The ‘squeezed middle’ has been labelled the ‘precarious middle’ with those on middle incomes struggling to save, and more likely than before to be in insecure jobs and insecure homes. For single parents, the problem is particularly acute, with those who are in work more likely to be in insecure work than not according to research by the Financial Fairness Trust and the London School of Economics.

The research found that job insecurity among the middle third of the income distribution appears to have got worse since it was highlighted nearly thirty years ago. In particular, insecure work has grown sharply for single adults. Lone parents are more likely to work than a decade ago, but even on middle incomes most of their jobs are now insecure.

For singles without children on middle incomes, job insecurity has also grown. In contrast, for those on middle incomes in couples, there’s a three in four chance that one partner has secure work. Three in ten private tenants in the middle have ‘unaffordable’ rents, defined as spending more than a third of their income on housing costs. This combines with the insecurity of private renting.

People in their 30s are most likely to face the insecurity and high costs of being private tenants, and there are as many private tenants on middle incomes as on low incomes in this age group.

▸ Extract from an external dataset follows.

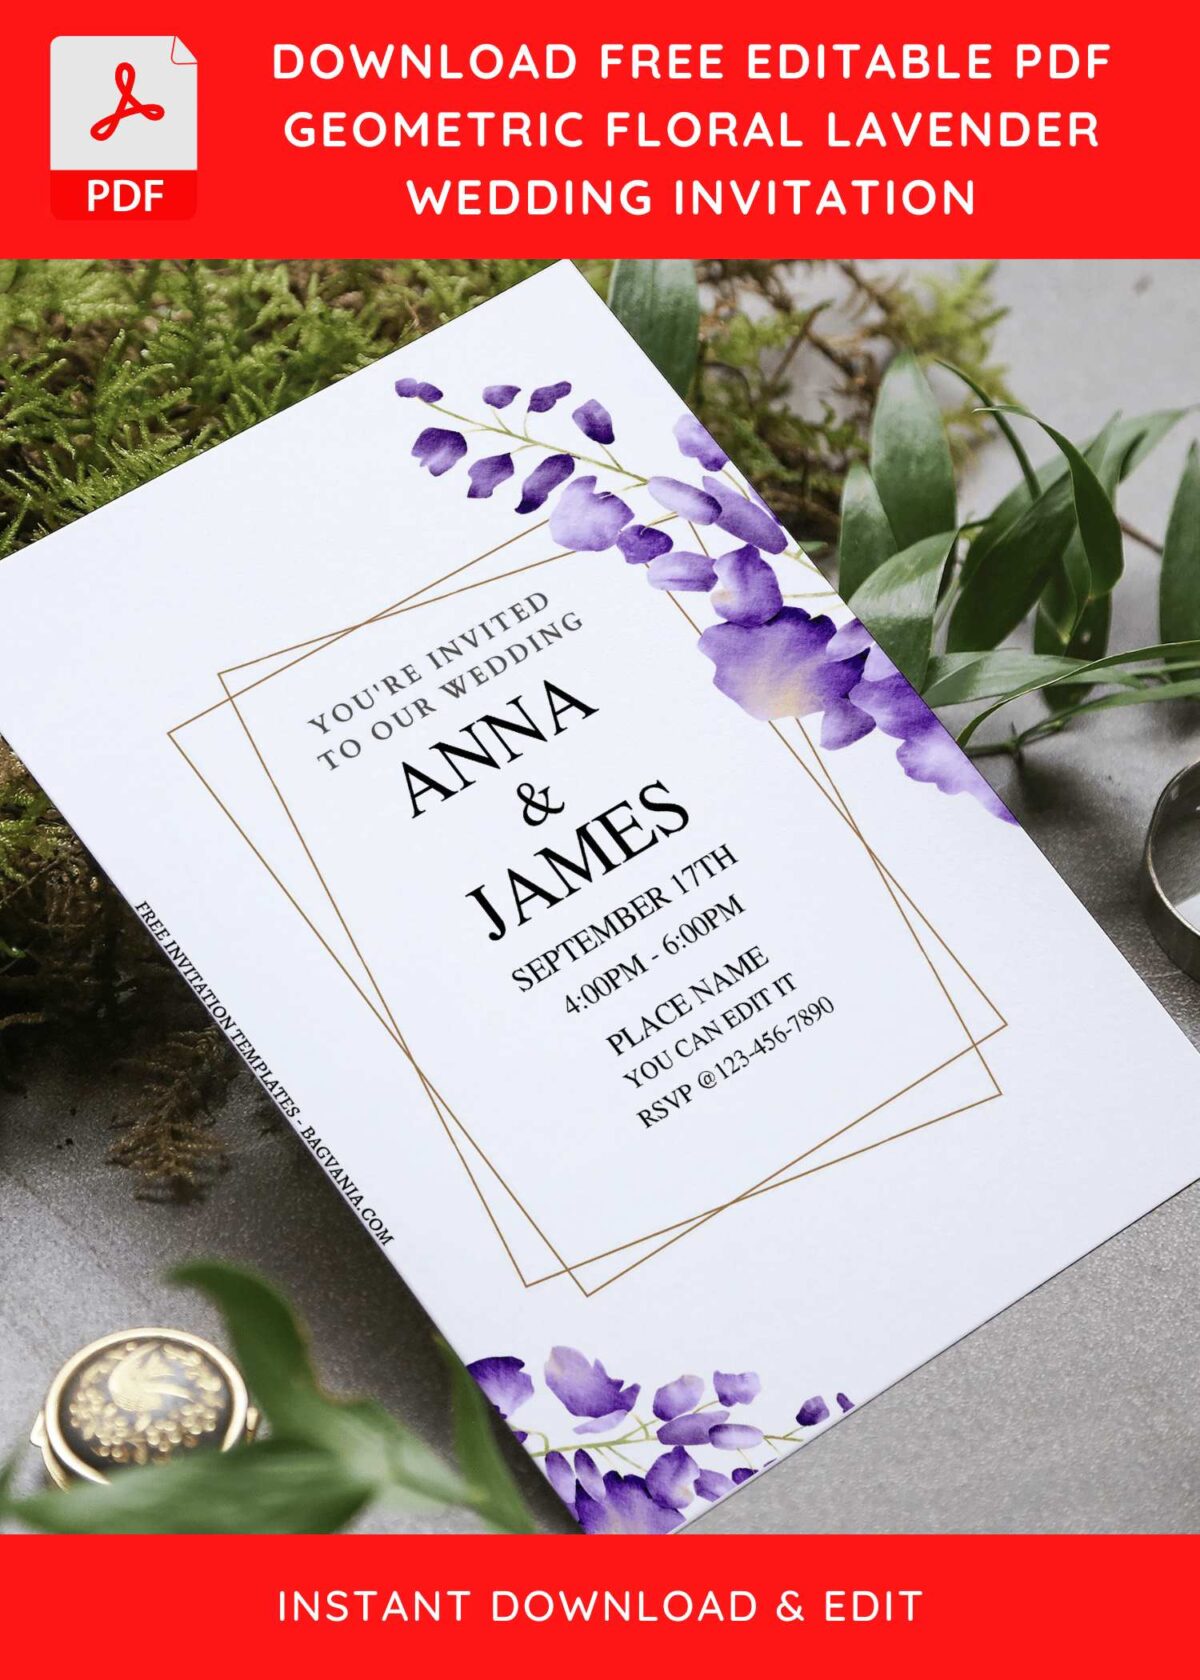 (Free Editable PDF) Classy Geometric Lavender Wedding Invitation Templates F

Rising interest rates could cause the proportion of households with unaffordable mortgages to almost double, from 10% to 19%. People on middle incomes face a high chance of being lower down the income distribution next year, due largely to unstable job markets. A household in the middle fifth of the income distribution has a one in three chance of being in the bottom 40% in the following year. There’s also a one in ten chance they would be in the bottom 20%, probably below the poverty line.

The report highlights the importance of helping people on middle incomes to save. Increased income insecurity makes it all the more important to be able to save for a rainy day. But the report calculates that middle-income households building rainy day and pension savings, while also paying back student loans and facing high housing costs, can be left with too little remaining income for acceptable living standards.

Professor Hirsch, Policy Advisor at abrdn Financial Fairness Trust, said “Being on a middle income does not make people secure. In the present cost of living crisis, the vulnerabilities of people on modest incomes have become more apparent. They face significant uncertainties, and are rightly encouraged to save both for rainy days and their retirement. Yet if they are also paying off student debt and have high housing costs, it becomes difficult to maintain a decent living standard today – even at the minimum level often associated with lower income groups.

“Measures to improve predictability, stability and the right to flexible working had been promised for the present Parliament, but were not delivered. In the coming Parliament, this should be a priority.”